A JEW ABANDONED IN BAGHDAD
fiction by mati shemoelof
To Almog Behar
Salah has to be late on the one day when I didn’t take my mobile, and this crumbling café doesn’t have a single working phone. Of course it’s today that I have an exhausting headache. It wipes me out. It wipes out my ability to communicate “Allāhu Akbar” calls the muezzin, and I pray quietly, “Praised are you, Lord our God, King of the universe, for granting us life, for sustaining us, and for helping us to reach this day.” I take out the apple flavoured red tobacco , which is really just disguising the deeper sweetness of strawberries with its apply flesh, spread some hashish over it to give it a kick, and return my head to its nonexistent body. I imagine the rich sweet scent carried through my head, threatening to cut short the joy of fresh air. But where is the narghile. I call the waitress, but her name twists away in the muezzin’s cry. Time is lost in my passion and the Tigris River opens in my mind, ready to flow. Another chakra is ready, but where is the shisha. And where is Yasmin. In the background frozen echoes of a headache threaten to strengthen like a pneumatic hammer beating in the distance, in an abandoned city.
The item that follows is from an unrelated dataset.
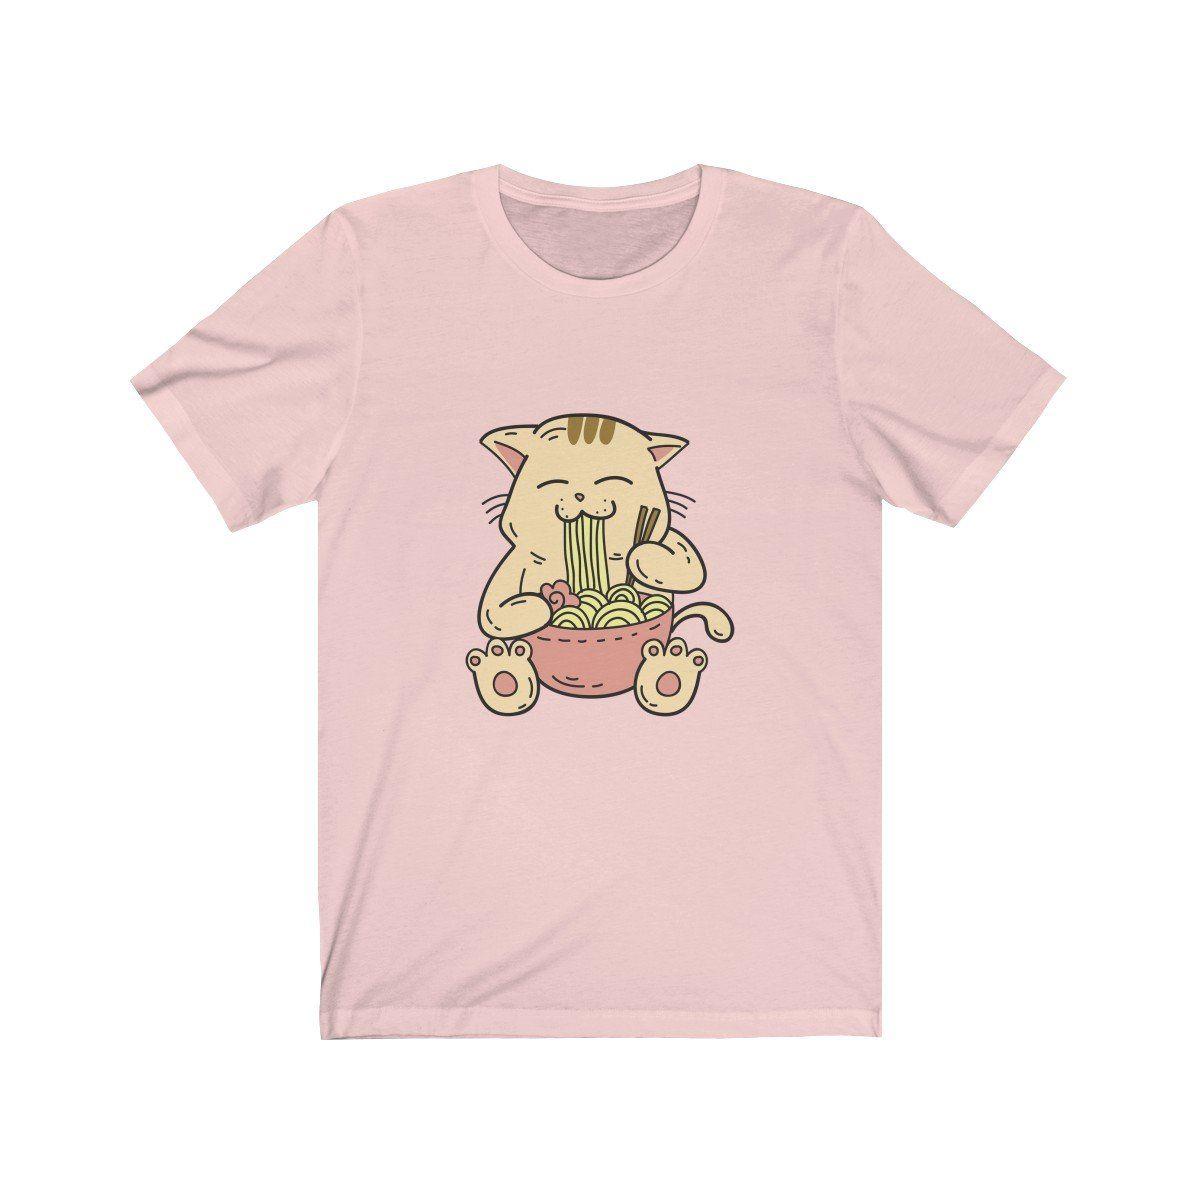 Cute kawaii japanese anime cat eating ramen with

On such a hot day even a sandstorm won’t stir. Instead of Salah, her beauty reaches me. The truth of her words. So direct. It’s a shame we haven’t met again since then. Even now I can still hear her words like an echoing bell. It is a shame we cannot meet alone. I’m drying up completely in this desert. And I doubt if anyone, ever, will be able to give me something to drink. A Jew abandoned in Baghdad, or anywhere else in this desert, and when he speaks from within me he is thirsty, abandoned. Yasmin gave me meaning. After she left I wander through memories of her, but can’t. I can’t express myself, even for a moment. Ya wayli wayli my Kurdish father has died. And my Baghdadi mother, she only does what I ask her to do. She gave me something. But even that I destroyed. I am a man without boundaries, hatred in torrents of graceless acceptance. I’m tired, trying to remember the terror that consumed grandfather when he went to visit Syria. There he met grandmother in Halab and fell in love. He didn’t know that in Baghdad his daughter would find my father in a half-Kurdish, half-Baghdadi family. Owing to my father we traveled to the borders of the Iraqi nation and got to know the soul circling the city’s boundaries. Yasmin is still not here. Nor is Salah. I cannot understand what is really happening to me.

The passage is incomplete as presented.